Marc:So Clockwork Orange and what was the other one?
Guest:Blue Velvet, which were both on the AFI Top 100.
Marc:Really, those two?
Guest:Well, those are just the ones that I remember seeing that blew my mind the most as a 13-year-old.
Marc:Oh, okay.
Guest:So then I just got into, you know.
Marc:That list gave you the sort of primer to being a film head.
Guest:Yeah, and then I tried to work my way through it, but I look at those movies and I think, I need to see everything else by this filmmaker.
Guest:And my dad had been a huge Twin Peaks fan.

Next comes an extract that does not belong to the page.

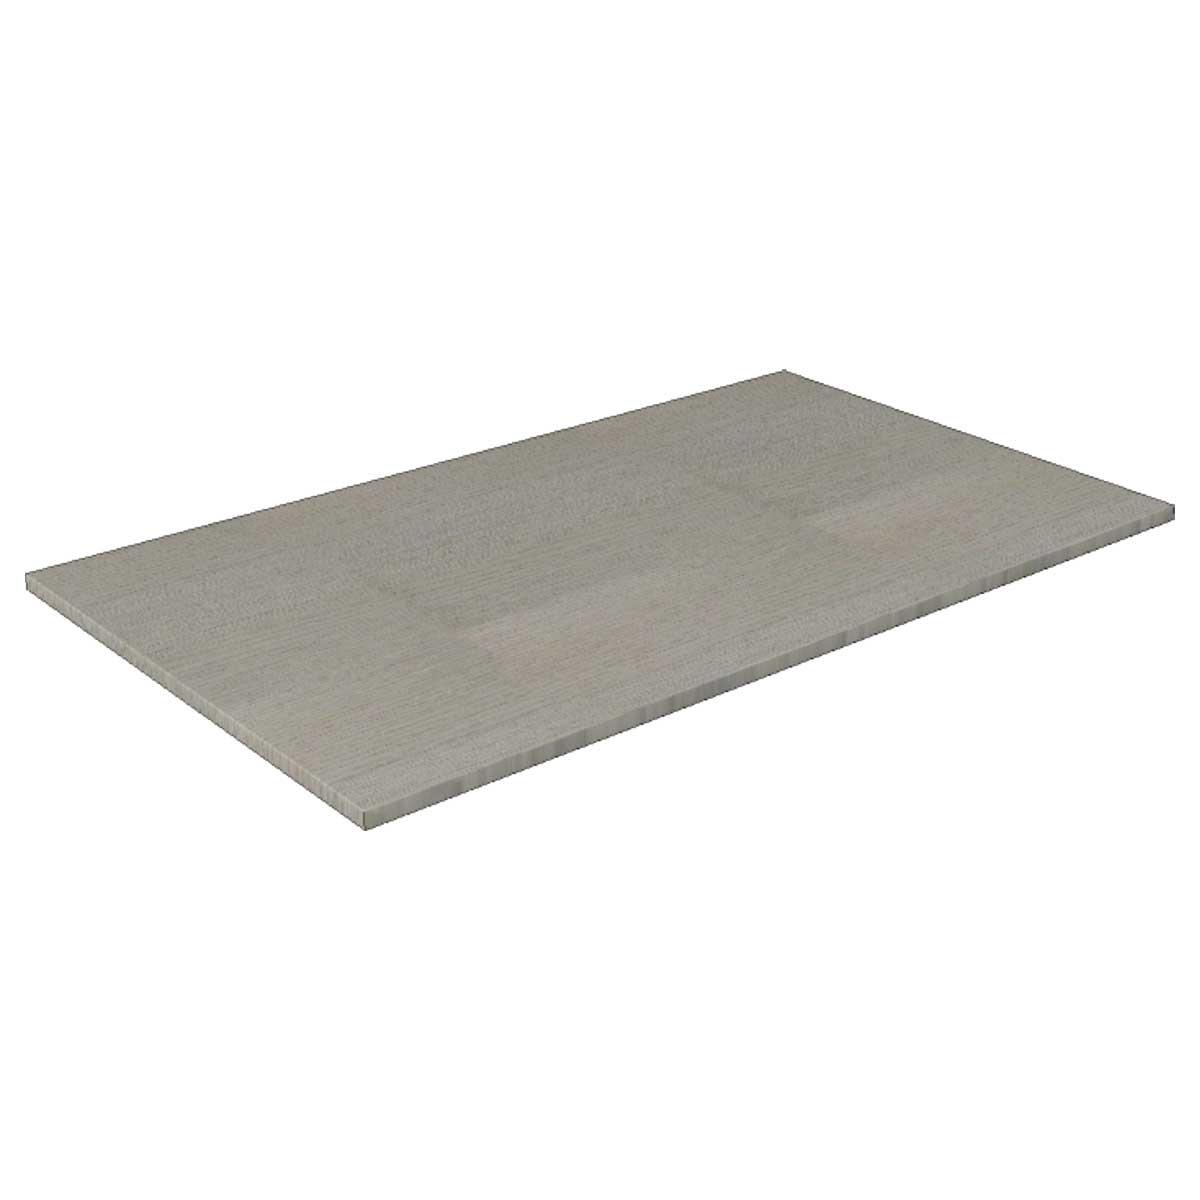 TICAM E120X70 4367 - https://www.werzalit.com/en/product/table-top-cambium-e-70x60cm-board-thickness-39cm-decor-courtrai/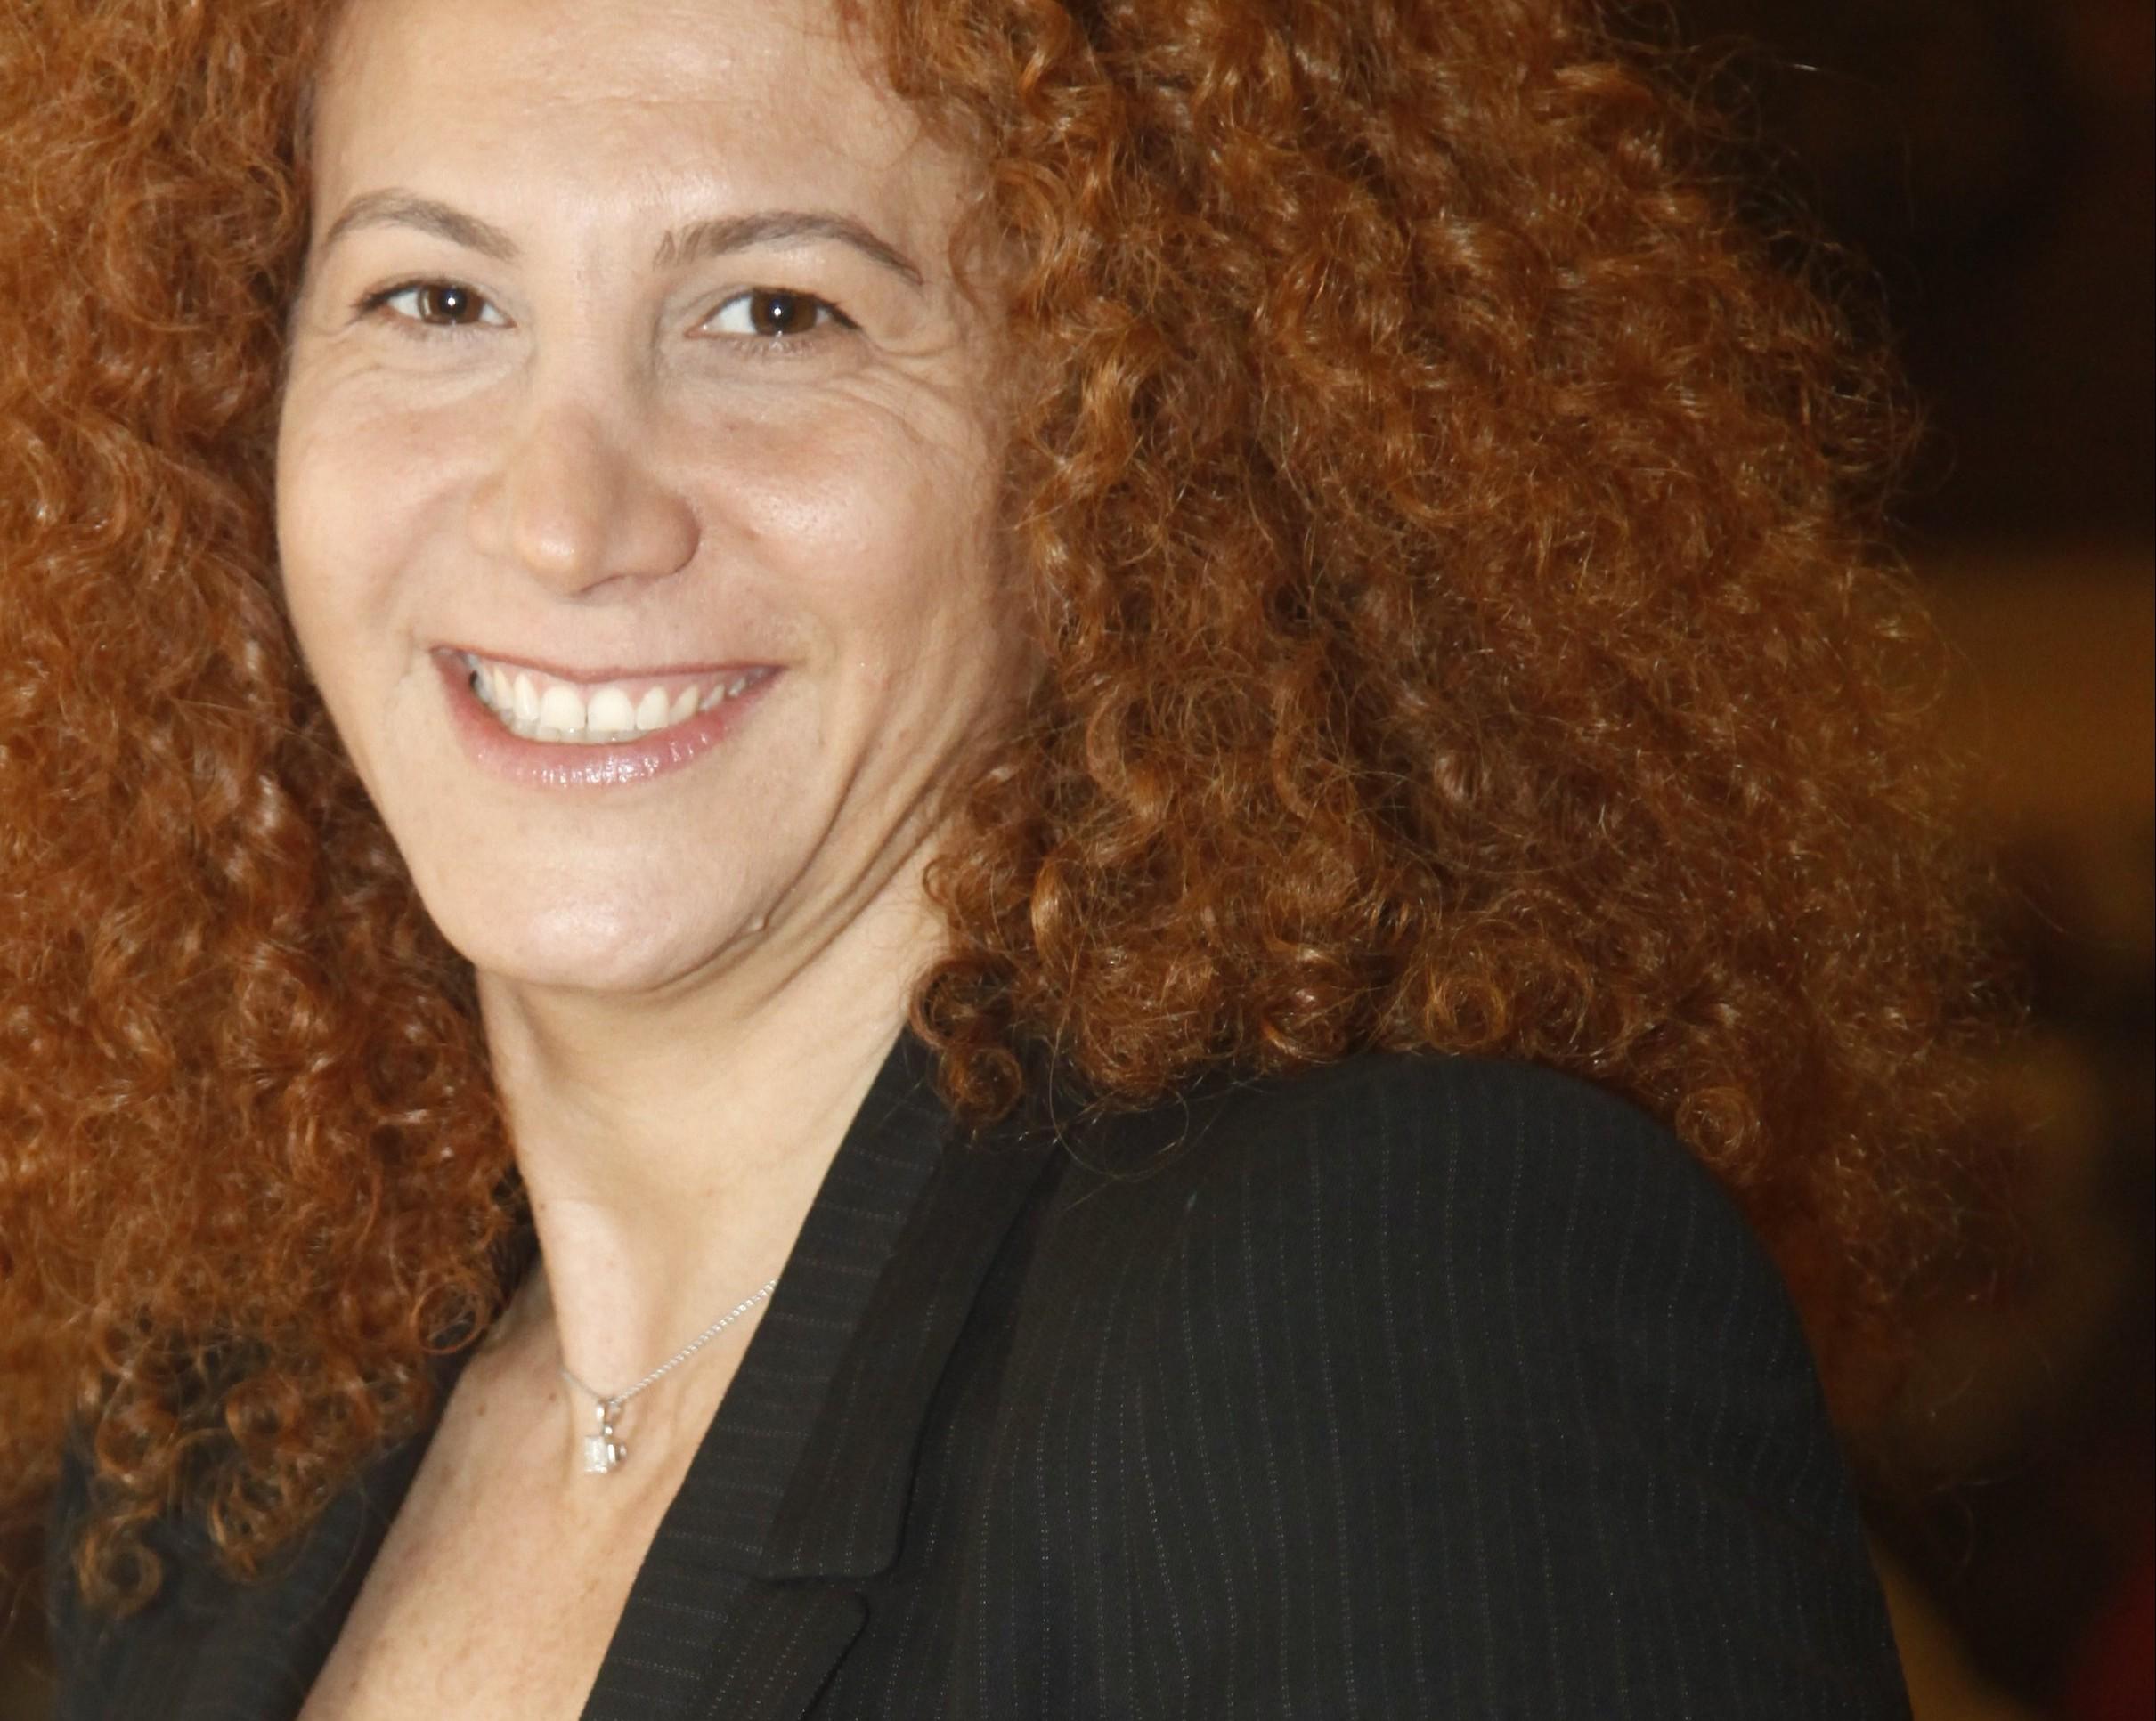 Aline kamakian global banking alliance for women for Armenian cuisine aline kamakian

Guest:And when I got into Blue Velvet, he said, a guy I work with at the station has all the videotapes he taped off of TV of Twin Peaks, which you can't see anywhere else right now.
Guest:Right.
Guest:It's like 97, 98.
Guest:And, you know, just so I was kind of getting into that very, you know, 101 stuff.
Marc:But in looking at the way you work, I wouldn't have sourced anything that I've seen of yours to those two influences.
Marc:What was it about those two directors that you, in retrospect, find compelling?
Guest:Well, they just gave me the idea, very common, that there's some filmmakers that you can look at a movie and within two seconds know who made it.
Guest:That was very important.
Guest:So then by the time I was at NYU...
Guest:Like a lot of people who are 20, I just became obsessed with French New Wave.
Guest:Yeah, I can see that.
Guest:If it was on Criterion, I had to have it.
Guest:If it was playing at Film Forum, I had to go see it.
Guest:If it was at Anthology Film Archives or MoMA, I had to go see it.
Marc:So you were running around.
Guest:Suddenly I became just omnivorous.
Guest:I worked at Kim's Video at the time.
Marc:On 8th?
Guest:Yeah, on St.
Guest:Mark's.
Guest:St.
Guest:Mark's in between seconds.
Guest:I remember that place.
Guest:Yeah, the three floors.
Marc:Yeah, there's three floors and you're like, what's being sold on this floor?
Marc:Where do I rent?
Marc:Why is it so confusing here?
Guest:Rent on the top floor.
Guest:I worked on the middle floor with DVD sales and vinyl until vinyl moved downstairs to the music.
Guest:Just omnivorous.
Guest:I mean, I would go see a double feature of B-Westerns at Film Forum, go to work for eight hours at Kim's, take a sexploitation movie home or a 70s horror movie home and watch that and then get up the next day, go to class...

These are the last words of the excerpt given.